Problem to solve
Everything from the line containing "Titelbild-Kons" to the last line of the listing below should be restated exactly, both ends included, with nothing added and the pictures omitted.

Data
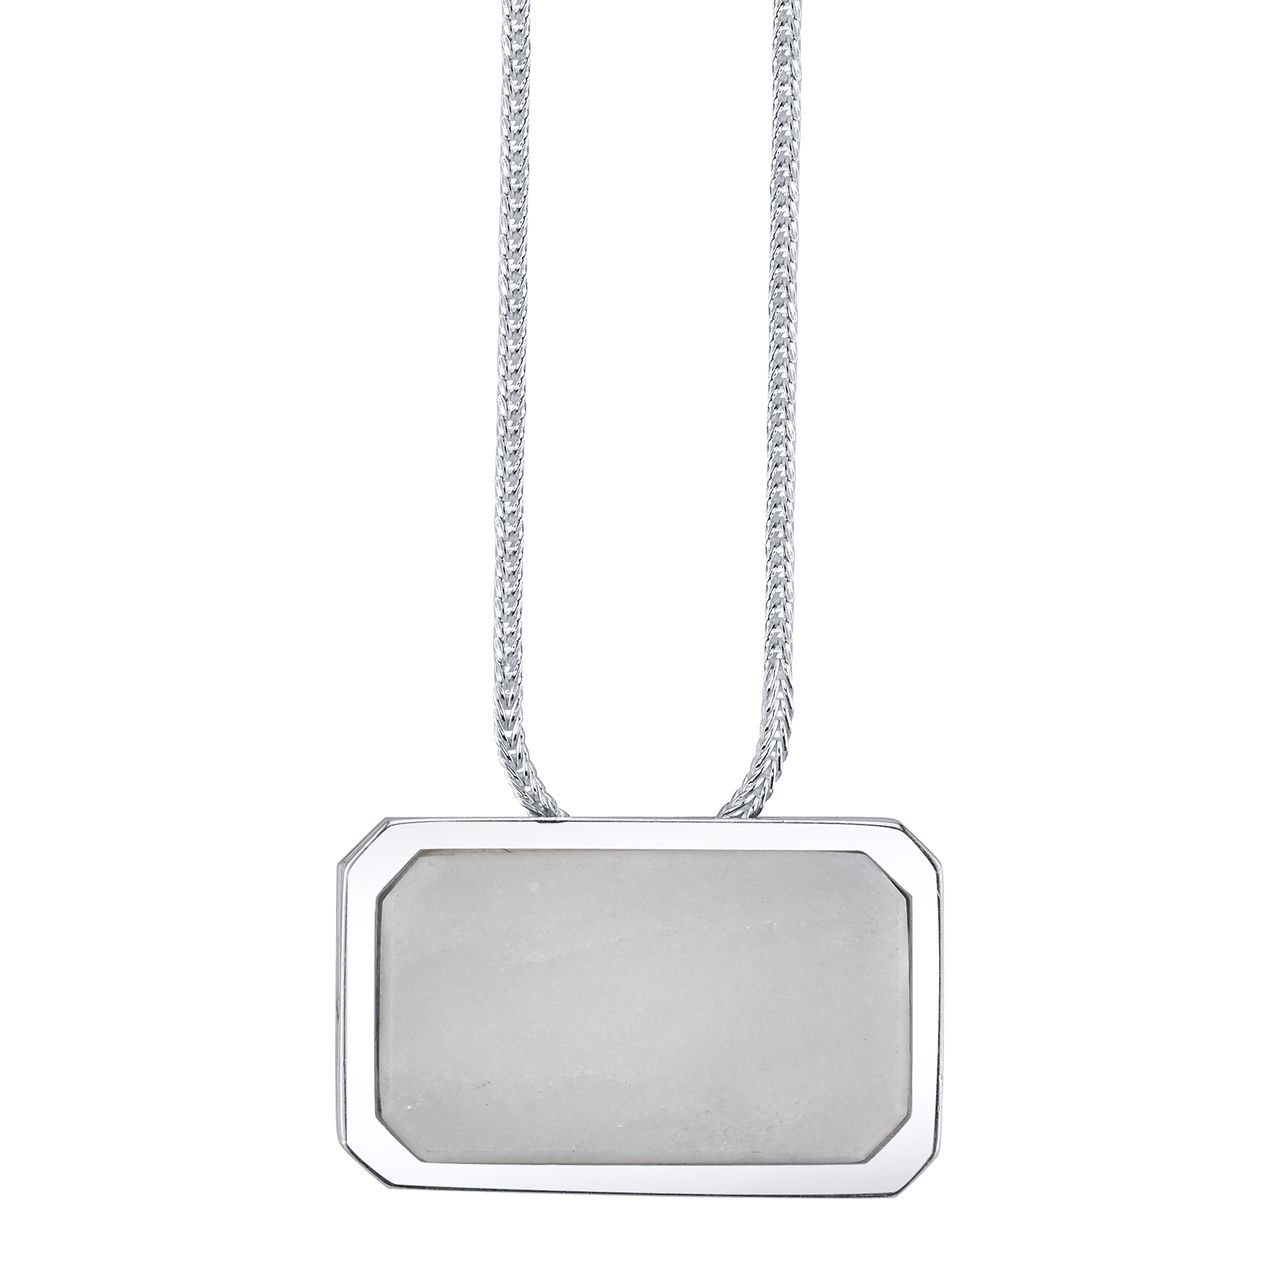 Gabriela Artigas Online Store - White Carrara Marbel Plate Pendnat on Sterling Silver Chain, $350.00 (http://www.gabrielaartigas.com/white-carrara-marbel-plate-pendnat-on-sterling-silver-chain/)
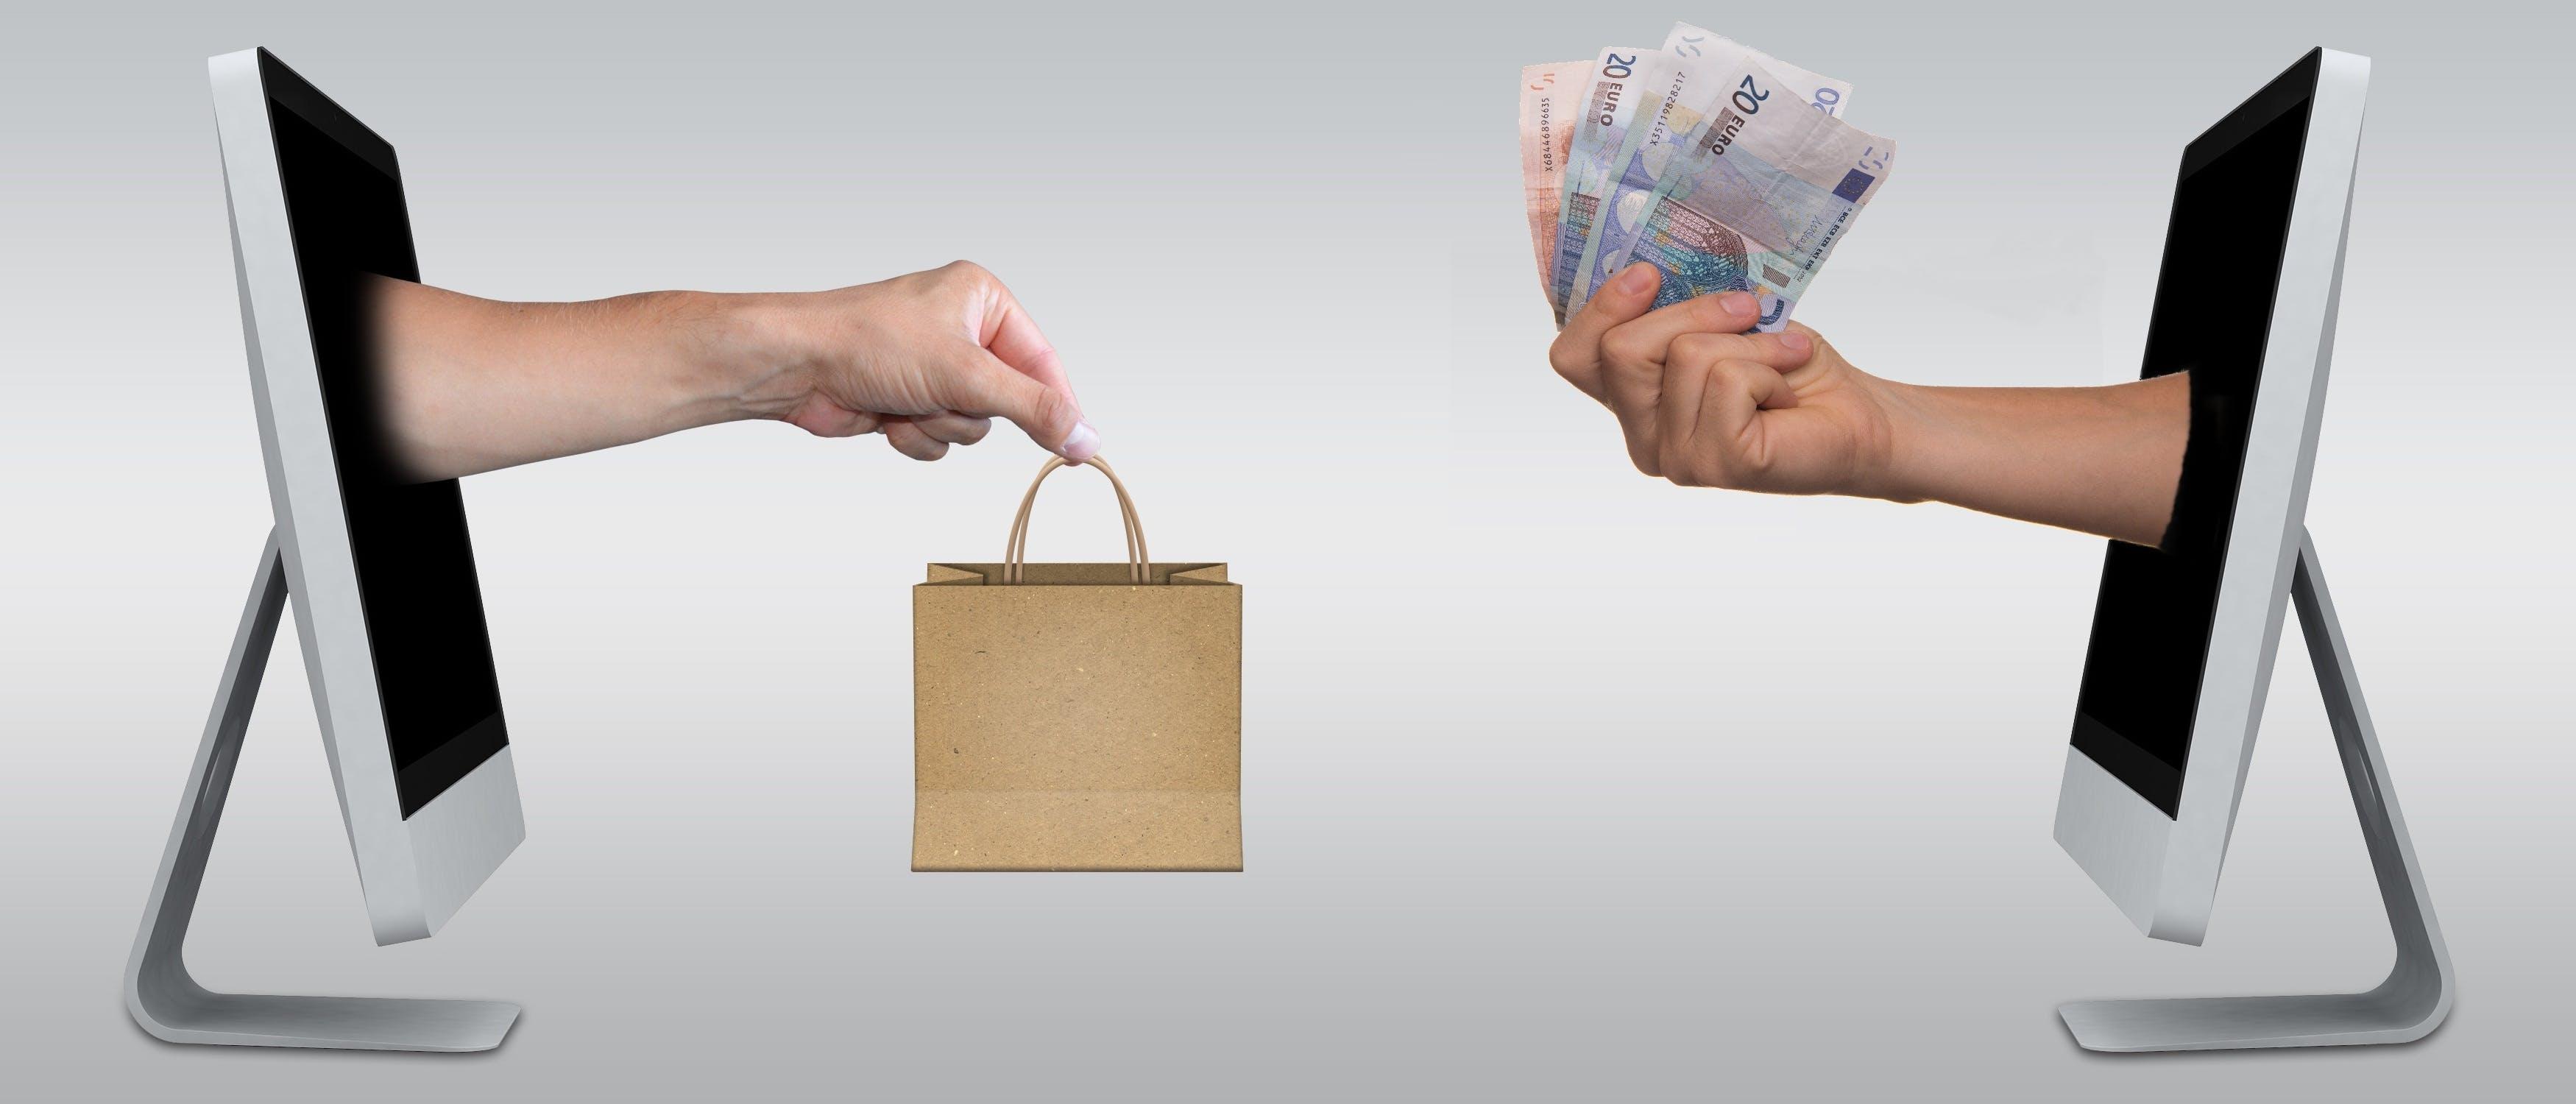 Titelbild-Konsumgüter-Einzelhandel-Online-Shopping-digital-3640321-pixabay-Tumisu
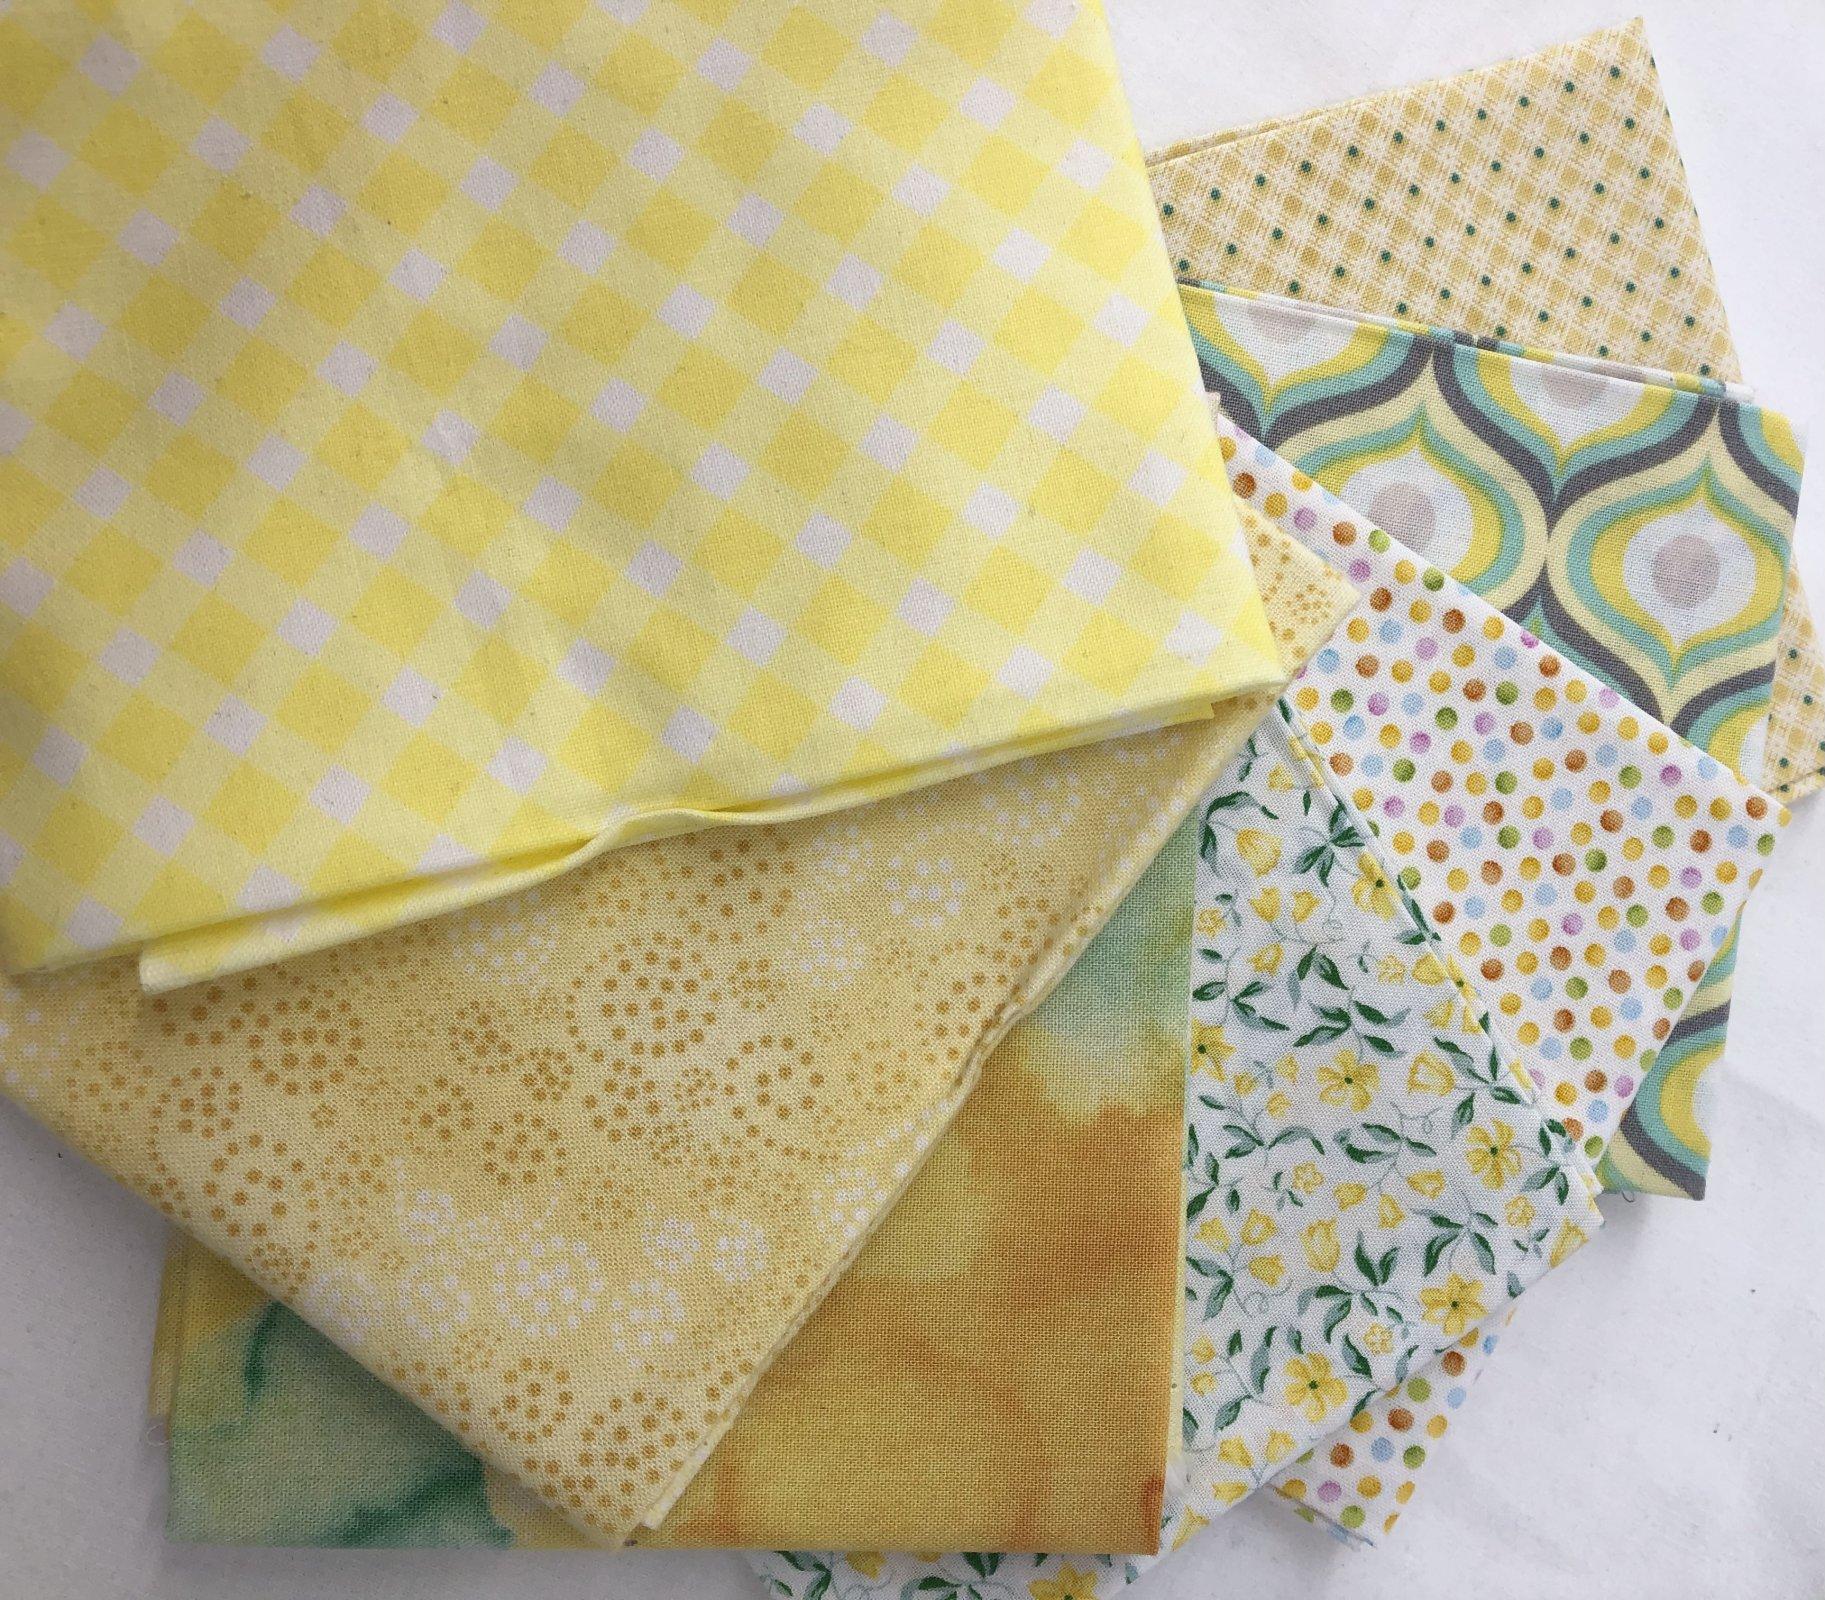 Fat Quarter Pack - 7pcs/bundle - In store - Yellow

Answer below
 Titelbild-Konsumgüter-Einzelhandel-Online-Shopping-digital-3640321-pixabay-Tumisu
 Fat Quarter Pack - 7pcs/bundle - In store - Yellow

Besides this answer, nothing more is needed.